The recurrent neural network based sequence flow deflection angle prediction model is a relationship model under the premise that a sequence relationship between previous flow deflection angles, current free wind speeds, and current rotor rotation speeds and current flow deflection angles has stationarity. Therefore, it is impossible to predict flow deflection angles by reflecting the non-stationarity of the flow deflection angle using this model.

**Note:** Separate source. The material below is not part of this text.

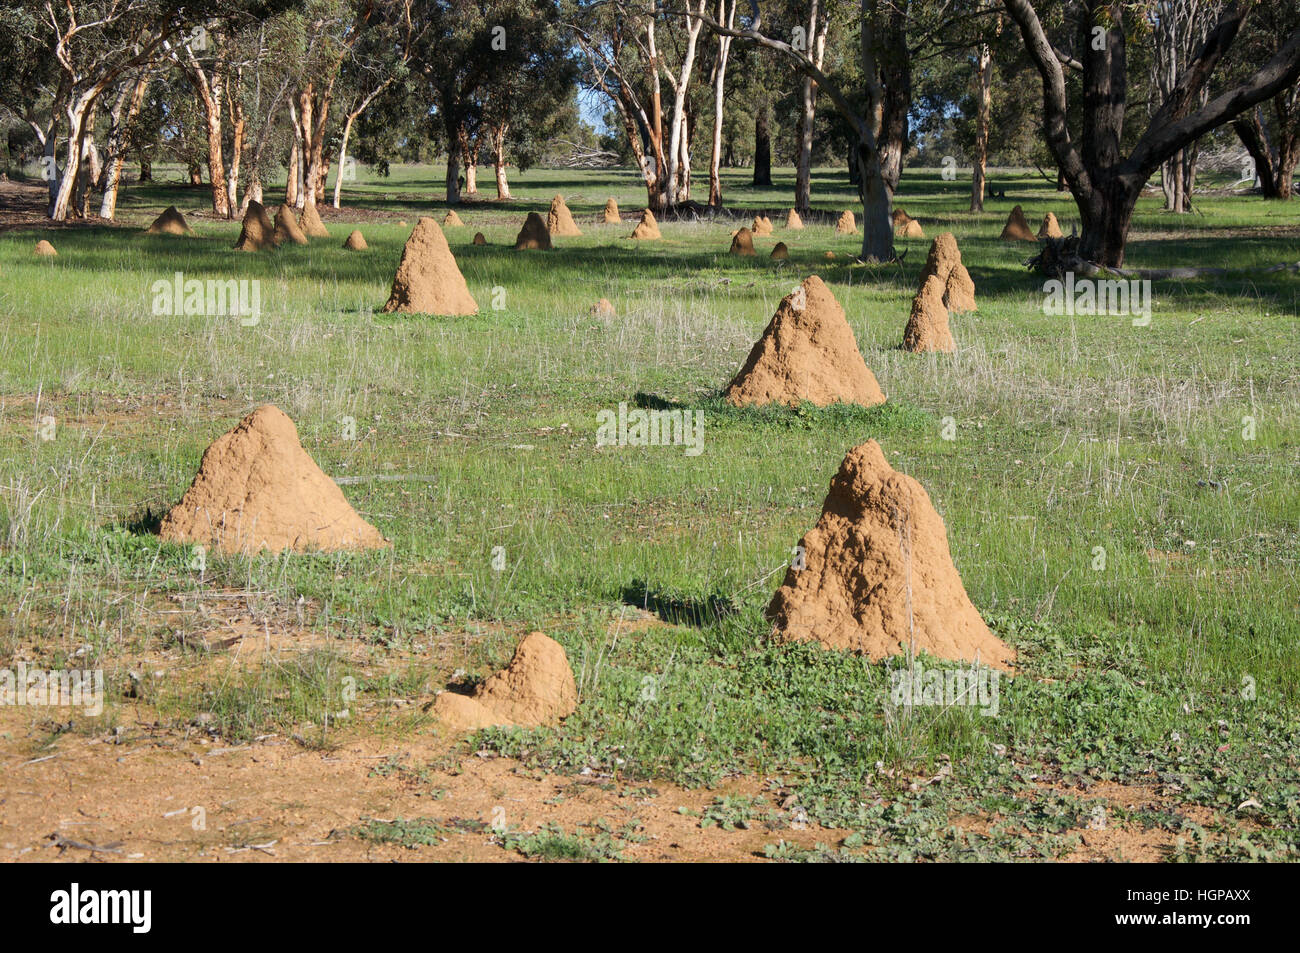 Termite mounds, insect habitats, built of red sand in rural green grass farmland of Western Australia. Stock Photo

The recurrent neural network based sequence flow deflection angle prediction model is used as an actor in an actor-critic deep reinforcement learning model, and a recurrent neural network based sequence relationship model of free wind speeds, rotor rotation speeds, flow deflection angles, and differential action values is used as a critic. With an actor-critic flow deflection angle prediction deep reinforcement learning model using output power as a reward value, a relation model reflecting the non-stationarity of the sequence relationship of previous flow deflection angles, current free wind speeds, and current rotor rotation speeds and current flow deflection angles can be trained. Then it is possible to more accurately predict the flow deflection angle with the non-stationarity due to turbulence and the wake effect.
The weight data of a pre-trained recurrent neural network based sequence flow deflection angle prediction model is loaded as the actor's weight data of the actor-critic flow deflection angle prediction deep reinforcement learning model, so the actor-critic flow deflection angle prediction deep reinforcement learning model learns by itself and predicts the flow deflection angle with the non-stationarity while reliably predicting the flow deflection angle without initial reinforcement learning.
Yaw misalignment values are estimated by adding flow deflection angles predicted by the actor-critical flow deflection angle prediction deep reinforcement learning model with really measured relative wind direction values and assembly angles obtained by applying the Kalman filter to really measured relative wind direction values. The yaw misalignment is calibrated using estimated yaw misalignment values.
When calibrating the yaw misalignment of a wind turbine, assembly angles must be corrected at regular intervals, and a yaw misalignment estimation relationship model including the flow deflection angle must be re-analyzed or trained because of the non-stationarity of the assembly angle and the flow deflection angle of the yaw misalignment. In particular, periodic correction for the non-stationarity of the assembly angle and the flow deflection angle of many wind turbines in a wind farm incurs enormous costs. However, during the normal operation of a wind turbine, nonstationary assembly angles are calculated by applying the Kalman filter to a series of really measured relative wind direction values, and non-stationary flow deflection angles are calculated using the actor-critical flow deflection angle prediction deep reinforcement learning model. With the calculated assembly and flow deflection angles, it is possible to estimate and calibrate the yaw misalignment in real-time. That is, the calibration of the yaw misalignment of the non-stationarity is fully automated to maximize the reduction of the operating cost of the manual calibration for the nonstationary yaw misalignment.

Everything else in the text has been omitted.